The E.W. Scripps Company (NASDAQ:SSP) Q1 2024 Earnings Call Transcript

We’re pleased State Farm is back as our title sponsor, and sales for the games have been strong. We’re also creating new opportunities for advertisers by introducing dedicated studio shows this year. Our commitment to women sports through the WNBA and NWSL featured prominently in our network’s recent upfront presentations in New York, Chicago and Los Angeles. Our team set a whole new tone this year, punctuated by a more aggressive, chest-forward sales and marketing approach. Now, looking ahead on political advertising revenue, our second area of focus, we’re pleased to raise our guide for the year after seeing Senate races heat up in Montana and Ohio, and Florida placed abortion on its ballot. Our new guide of $240 million to $270 million now includes the impact of the Florida ballot measure.

Arizona is likely also to add a similar high-spend referendum to the ballot. And that issue gets – if that issue gets cleared onto the ballots in the Scripps states of Colorado, Missouri, Montana and Nevada, we could see even more upside in our political revenue performance. The presidential election typically makes up about 20% of our total. And while we’re seeing less spending there than we have traditionally, we do expect to benefit in the swing states of Arizona, Michigan, Nevada and Wisconsin. And we’re seeing strong political spending in Montana and Ohio, where Republican Senate candidates and their packs are looking to unseat long-time incumbent Democrats. These are two states where Scripps has a big footprint. While most of the political revenue will come in the third and fourth quarters, we now have enough visibility to confidently say that we expect to exit the first half of this year having generated more political revenue than we did during the first half of 2020.

Our third area of focus is prudent expense management. While I’m optimistic we are beginning to see some rebound in advertising on the top line, we will also continue to pursue generating higher EBITDA through expense management. This ongoing expense management is above and beyond the $40 million in savings we are realizing from the reorganization of the company we initiated last year. Finally, another important deleveraging and debt-reduction strategy is realizing a strong return on our investment from assets we have acquired. We announced in mid-April that a process was underway to explore the sale of the Bounce TV network prompted by increasingly strong inbound interest from qualified potential buyers. Selling Bounce is entirely consistent with Scripps’ long history of buying and creating businesses, growing the assets’ value and then divesting at the right time for a strong ROI.

In recent years, examples of this includes our sale of podcasting businesses, Stitcher and Midroll and digital audio business, Triton. Since acquiring Bounce in 2017 as part of the Katz Networks, we have significantly increased the audience, doubled the revenue and increased its profit contribution. Under our stewardship, Bounce has become a more important brand in the Black communities, an entertainment outlet that tells the complete story of the Black American experience, from original shows like Johnson to beloved musical – to beloved movies and syndicated programming. We want to make sure Bounce is in a position for that to grow, and we anticipate that new owners could unlock even more value. We expect to have an update on that process for you later this summer.

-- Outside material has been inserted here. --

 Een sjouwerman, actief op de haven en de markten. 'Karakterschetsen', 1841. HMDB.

Adding to the opportunity to generate proceeds to delever, we are also exploring the sale of some smaller, non-strategic real estate assets. Scripps has been here serving American audiences and advertisers for more than 145 years. There are many reasons for the company’s longevity and track record of success, creating value in the dynamic media landscape time and time again, from our clarity of mission and our values to our risk tolerance and willingness to focus on the long-term. But especially salient today is the long-held view inside Scripps that businesses operate in seasons. Today, during the season we’re in right now, our management team is focused on executing against the plan I’ve shared with you, that will lead us to pay down debt and improve the balance sheet for the benefit of our company, our employees, our mission and the partnership we have with shareholders that creates value.

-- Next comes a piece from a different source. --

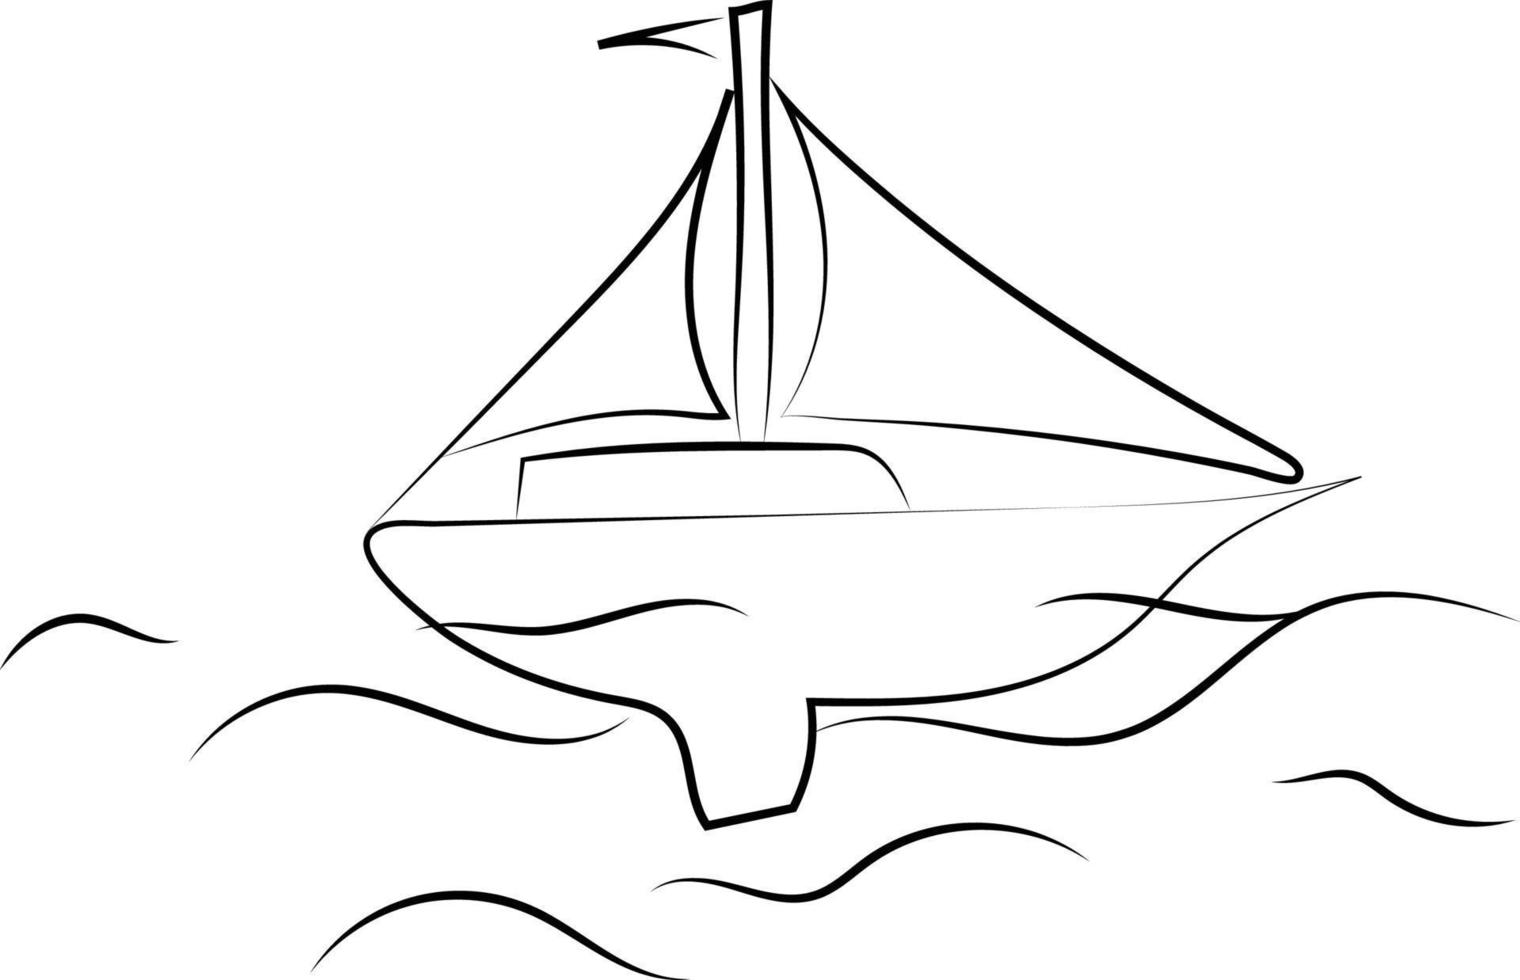 båt på hav teckning, illustration, vektor på vit bakgrund.

And now Kevin, we’re ready for your questions.

Operator: Thank you. [Operator Instructions] And we’ll go to the line of Dan Kurnos, Benchmark. Please go ahead.

Dan Kurnos: Adam, I know you said you’ll update us this summer. Is there any way to get metrics around Bounce? I mean we know kind of directionally from when you bought it, part of Katz a while ago, but just curious if you can help us think about that and/or the real estate just sizing-wise.

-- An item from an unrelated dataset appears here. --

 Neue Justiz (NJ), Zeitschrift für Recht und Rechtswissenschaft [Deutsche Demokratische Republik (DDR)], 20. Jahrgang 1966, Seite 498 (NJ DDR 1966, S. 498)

Adam Symson: Yes. I mean look, the inbound interest that we’ve had has been strong. It was strong before the news of the sale process went public, and it’s really only gotten more robust. I have a lot of confidence that we’ll identify the right next home for the network, and I expect it to be an excellent return for shareholders. Obviously, a deleveraging event with proceeds used to pay down debt and a very good outcome for the company. Relative to metrics, I think there have been some press reports out there that we would expect proceeds to be in the hundreds and hundreds of millions of dollars. Relative to the asset sales, I would think those are a lot less material than the sale of Bounce. We’ve also said in the past that we’re sort of always in the process of optimizing our portfolio and would certainly be open to looking at other assets as well.

Dan Kurnos: Perfect. And then just maybe to touch on your expense comments. It sounds like you have identified line of sight on more costs. I guess either for you or Jason, probably early to size those. But just kind of curious how you’re thinking about how much leverage you still have on the bottom line on the cost side.